Thread: usage of indexes for inner joins

usage of indexes for inner joins

From

"Jan Theodore Galkowski"

Date:

28 September 2007, 01:50:19

I fear this has been asked many times about PostgreSQL, and I have read
the docs about how indexes are supposed to be defined and used, but I
don't understand why the engine and optimizer is doing what it does in
the simplest of situations.  Is it that its tuning is heavily data
dependent?

My case of interest is more complicated, but I decided to create a toy
case to try to understand.  Here it is:


  -- Table "foo" DDL

  CREATE TABLE "public"."foo"(

  "projectid" int4 NOT NULL ,

  "uid" int4 NOT NULL ,

  "name" varchar(254) NOT NULL ,

  "ver" varchar(127) NOT NULL ,

  "startdate" date NOT NULL ,

  "enddate" date NOT NULL ,

  "status" varchar(254) NOT NULL ,

  "percentdone" numeric(7,2) NOT NULL ,

  "championuid" int4 NOT NULL ,

  "pmuid" int4 NOT NULL ,

  PRIMARY KEY ("projectid")

  )  WITHOUT OIDS;


  -- Table "bignum" DDL

  CREATE TABLE "public"."bignum"(

  "thing" numeric(100) NOT NULL

  )  WITHOUT OIDS;

  CREATE INDEX "t" ON "public"."bignum" USING btree ("thing");


Running

    EXPLAIN ANALYZE SELECT A.* FROM bignum  B, foo  A WHERE A.projectid
    = B.thing;

yields:

    Nested Loop  (cost=0.00..15.51 rows=1 width=407) (actual
    time=0.041..0.041 rows=0 loops=1)

      Join Filter: ((a.projectid)::numeric = b.thing)  ->

        Seq Scan on bignum b (cost=0.00..1.01 rows=1 width=16) (actual
        time=0.024..0.027 rows=1 loops=1)  ->

        Seq Scan on foo a  (cost=0.00..11.80 rows=180 width=407) (actual
        time=0.003..0.003 rows=0 loops=1)

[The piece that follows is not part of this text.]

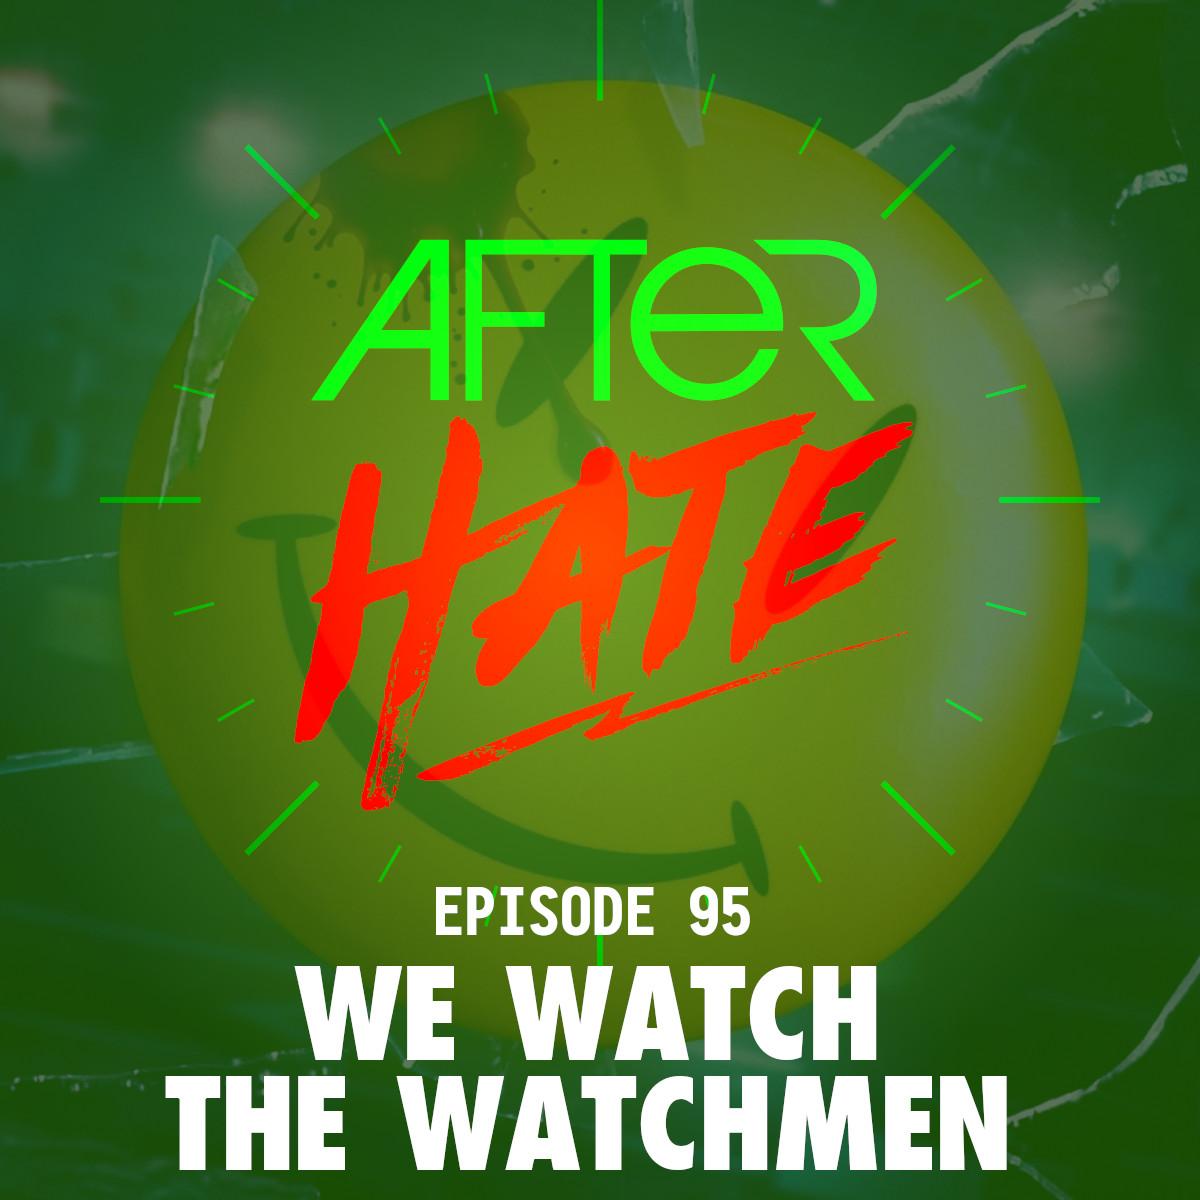 Episode 95 : We watch the Watchmen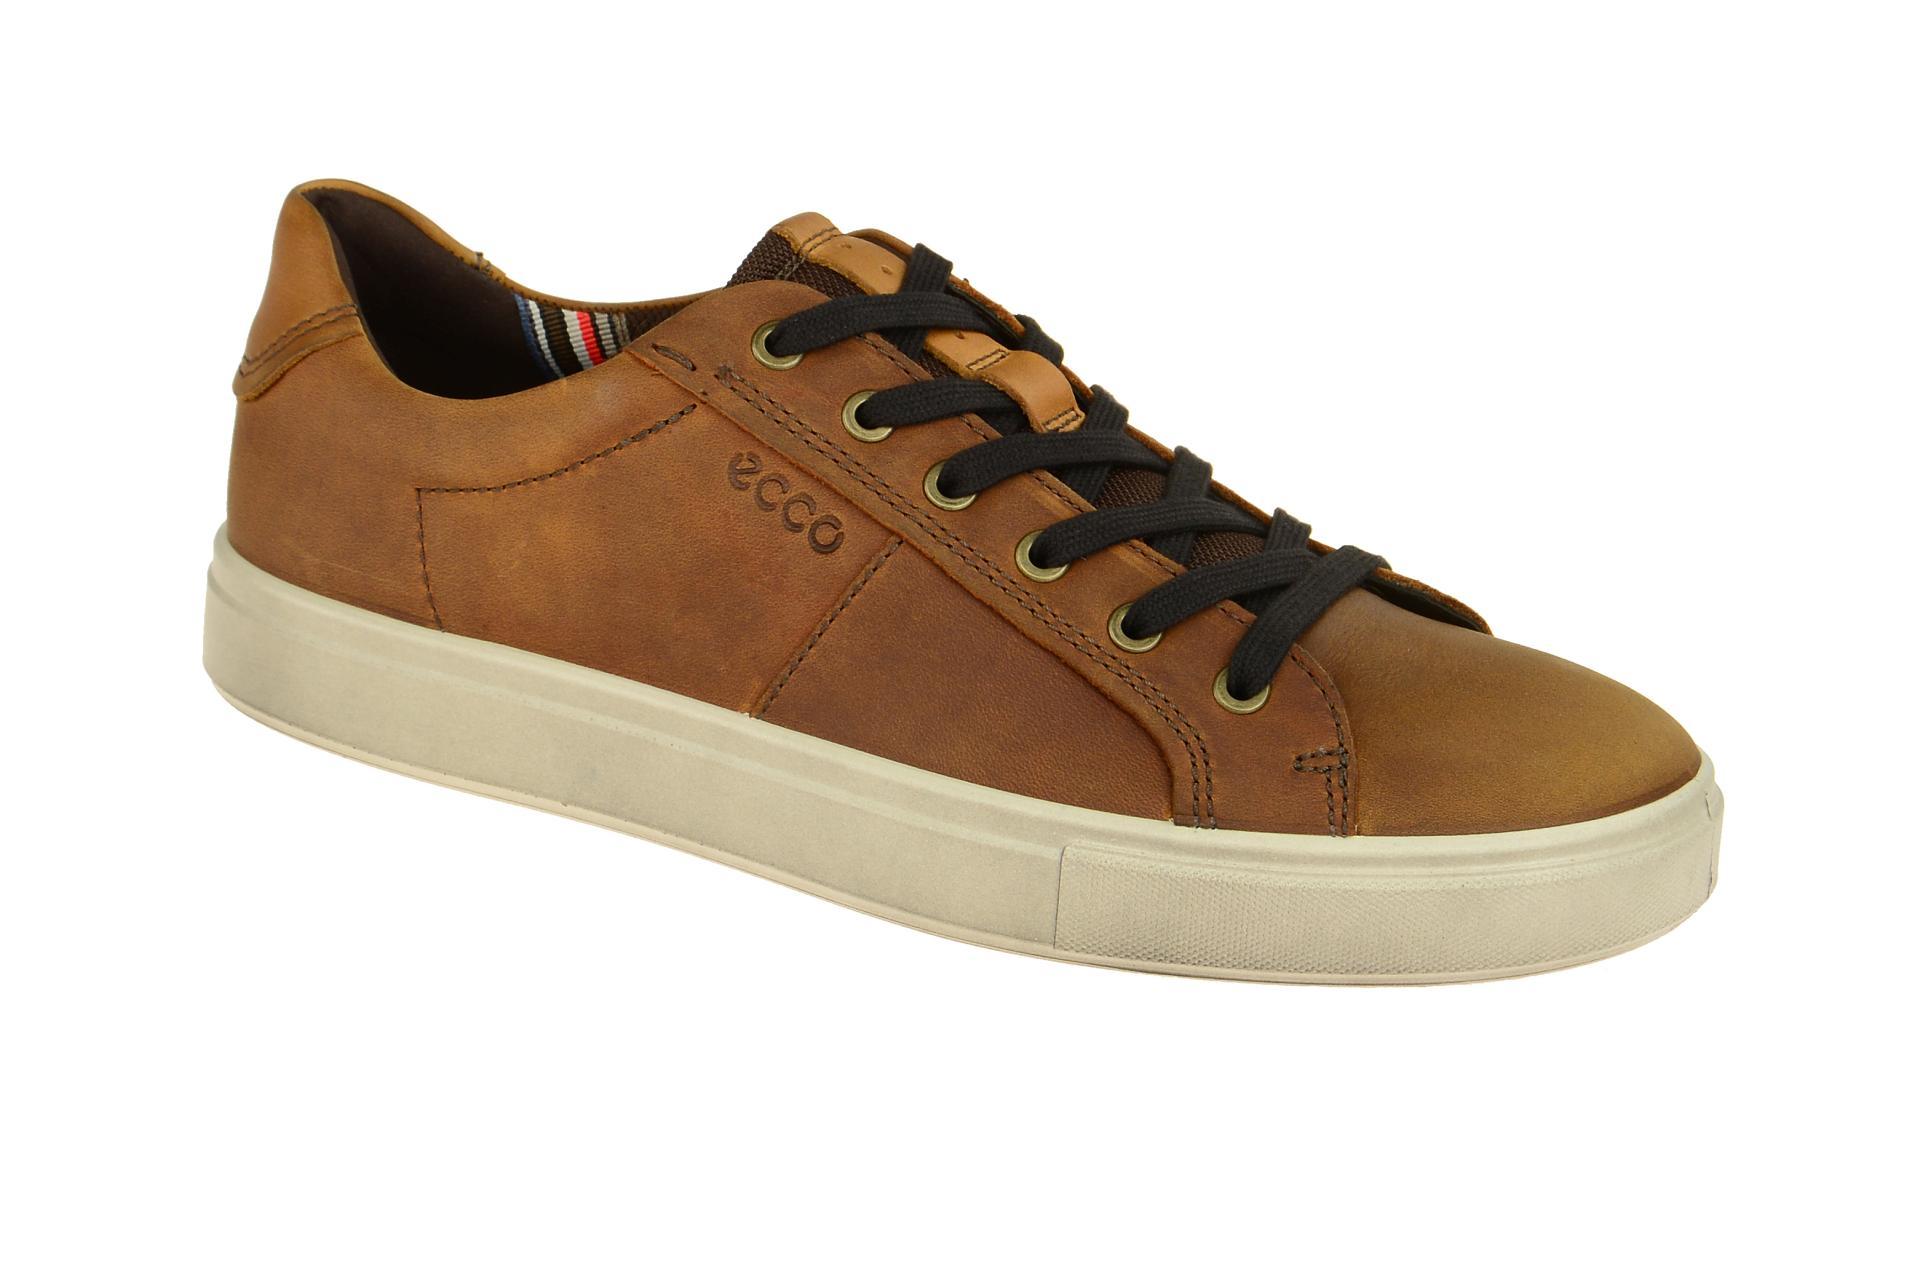 1f787b5e95236f Ecco Kyle Schuhe Sneakers hell-braun - Schuhhaus Strauch Shop

    Total runtime: .169 ms ;

Like *how* *come*?  There are indexes on both columns of the join.  Is
it the NUMERIC datatype messing things up?  Unlikely, as I've seen the
same with INTEGERs.

If it is data dependent (these tables are presently empty), any
suggestions as to how to tune a database for unknown mixes of data?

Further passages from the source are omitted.